Compiling the same set of sources for multiple archs (with each arch possibly entailing a separate list of source files) is kinda a special case for my current Android project; generally I don't really need support for this. But solid support for codegen that properly percolates changes from input data down to recompiling executables is must-have for me.  Not being able to do this in the most efficient way possible would greatly hamper my productivity.


> But what I meant is that there is for example currently no way to
> customize the output binary base name ("targetName") and directory
> ("targetPath") depending on the build type.

But this shouldn't be difficult to support, right?  Though I don't particularly need this feature -- for the time being.


[...]
> > Does dub support the following scenario?
[...]
> This will currently realistically require invoking an external tool such as make through a pre/post-build command (although it may actually be possible to hack this together using sub packages, build commands, and string import paths for the file dependencies). Most notably, there is a directive missing to specify arbitrary files as build dependencies.

I see.  I think this is a basic limitation of dub's design -- it assumes a certain (common) compilation model of sources to (single) executable, and everything else is only expressible in terms of larger abstractions like subpackages.  It doesn't really match the way I work, which I guess explains my continuing frustration with using it.  I think of my build processes as a general graph of arbitrary input files being converted by arbitrary operations (not just compilation) into arbitrary output files. When I'm unable to express this in a simple way in my build spec, or when I'm forced to use tedious workarounds to express what in my mind ought to be something very simple, it distracts me from my focusing on my problem domain, and results in a lot of lost time/energy and frustration.


[...]
> BTW, my plan for the Android part of this was to add support for plugins (fetchable from the registry, see [3] for a draft) that handle the details in a centralized manner instead of having to put that knowledge into the build recipe of each individual project.
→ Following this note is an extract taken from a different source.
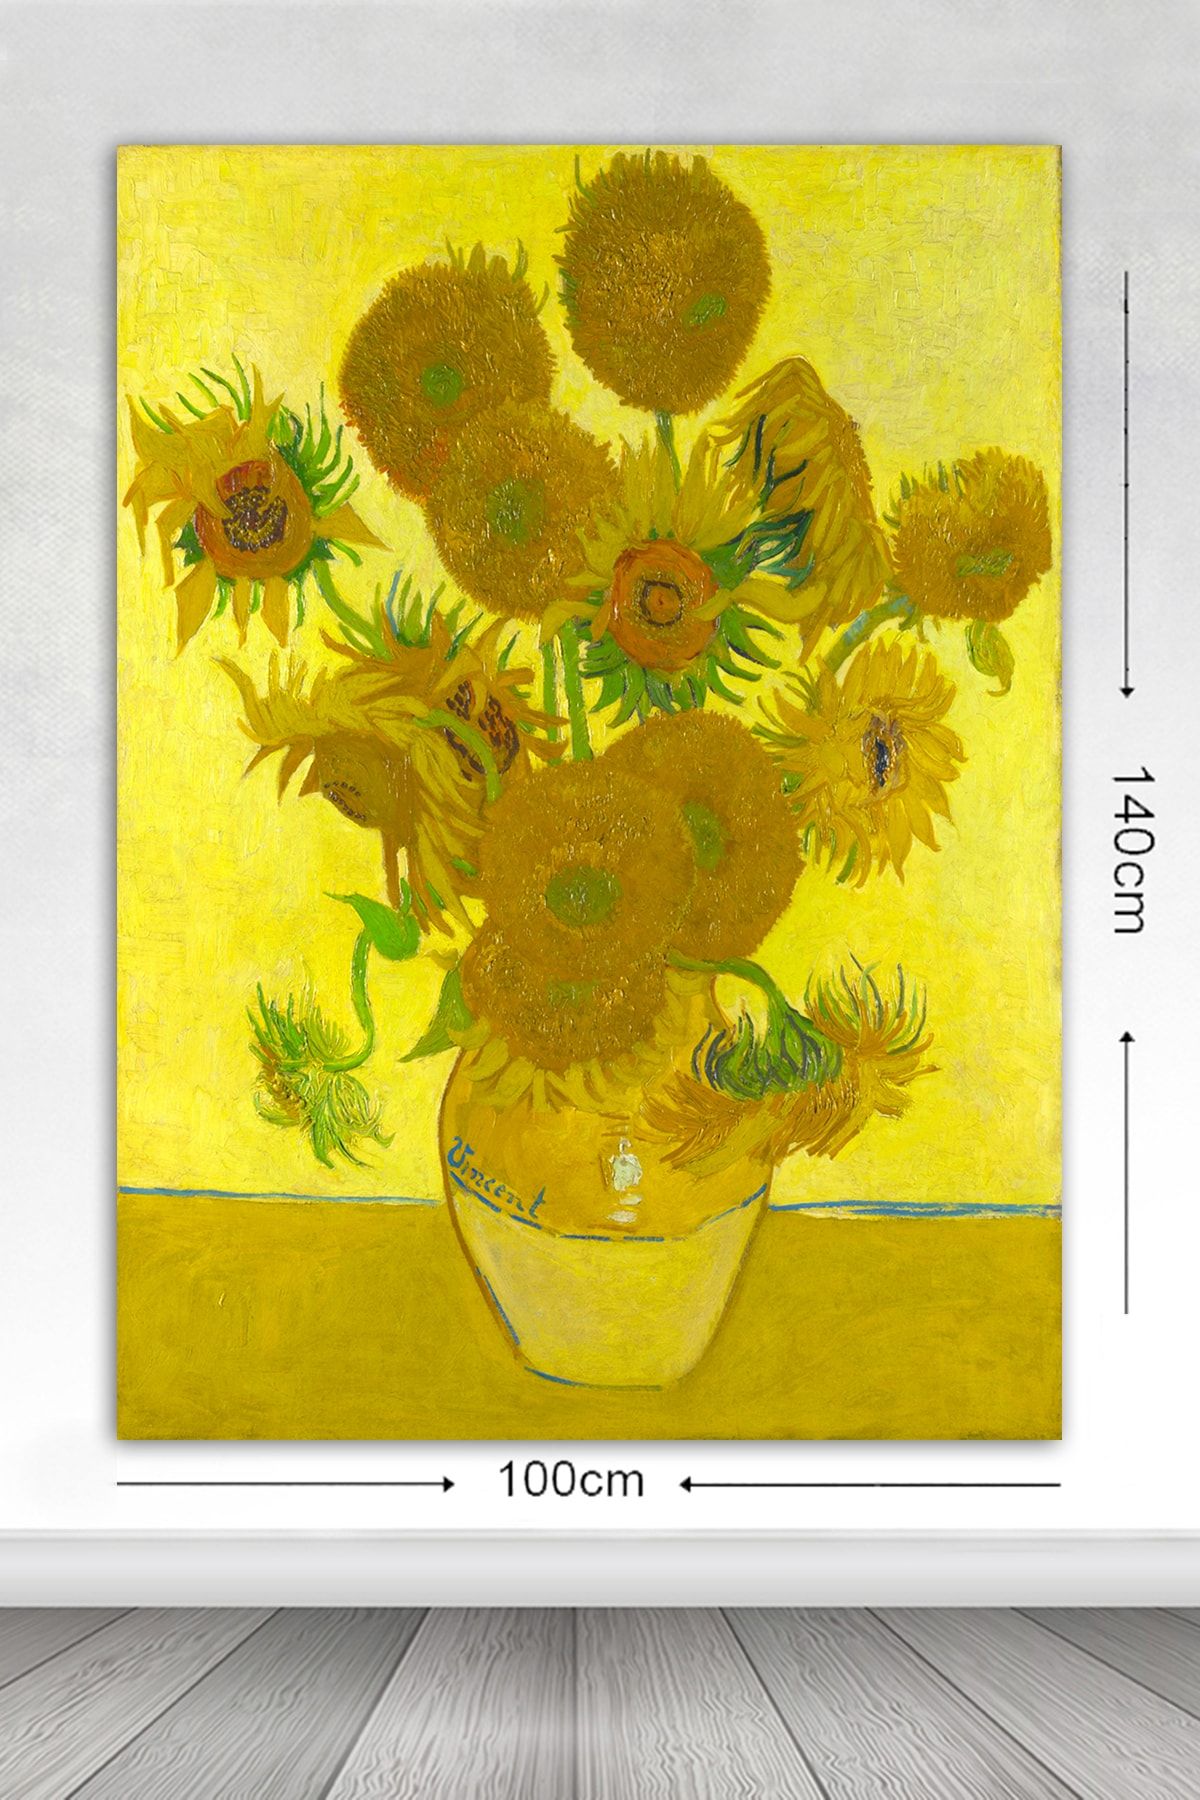 Tablo Center Kanvas Tablo Van Gogh
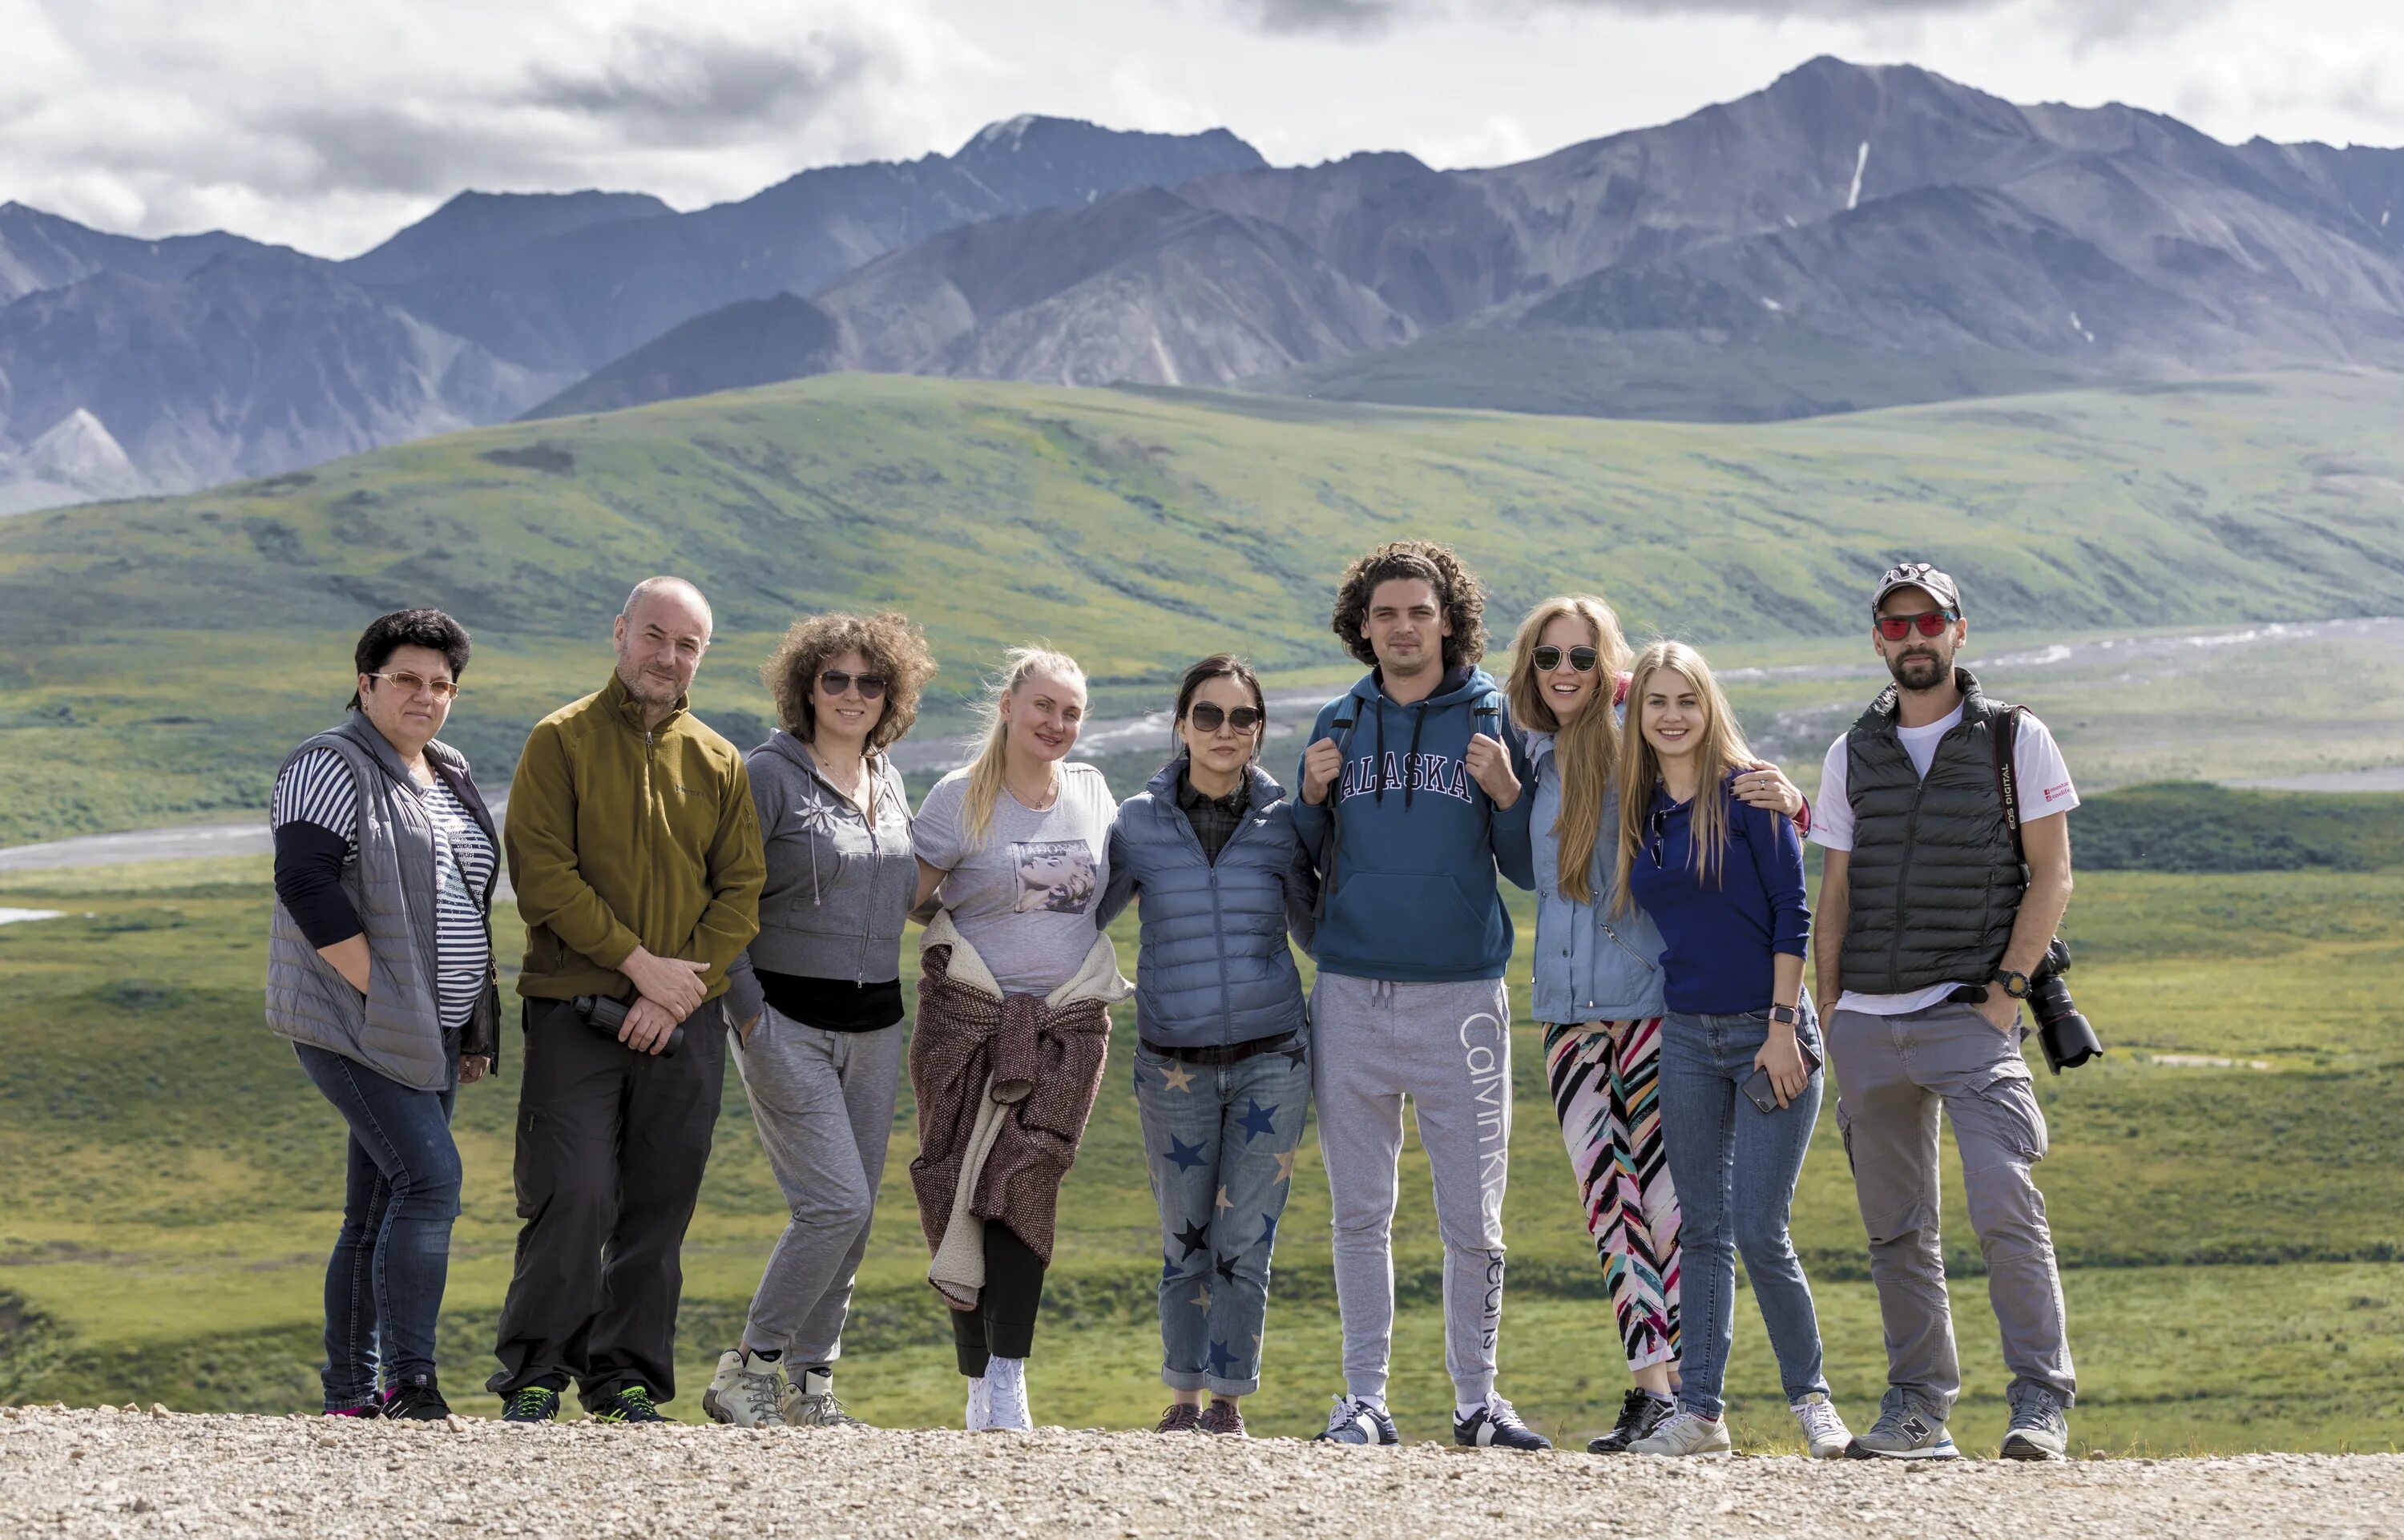 Аляска путешественники. Семья с Аляски. Жизнь на Аляске. Аляска люди. Покорители Аляски.

Unfortunately I still don't really have time to do substantial work on DUB.
[...]

This would be nice, though without support for codegen tools and general data transformation actions, and having a core design that, AFAICT, is ill-suited to this sort of use, I'm afraid I can't see myself using dub in any serious way in the foreseeable future.  The most I can see myself using dub for, unfortunately, is just to fetch code.dlang.org dependencies via an empty dummy project, like I've been doing for my vibe.d project.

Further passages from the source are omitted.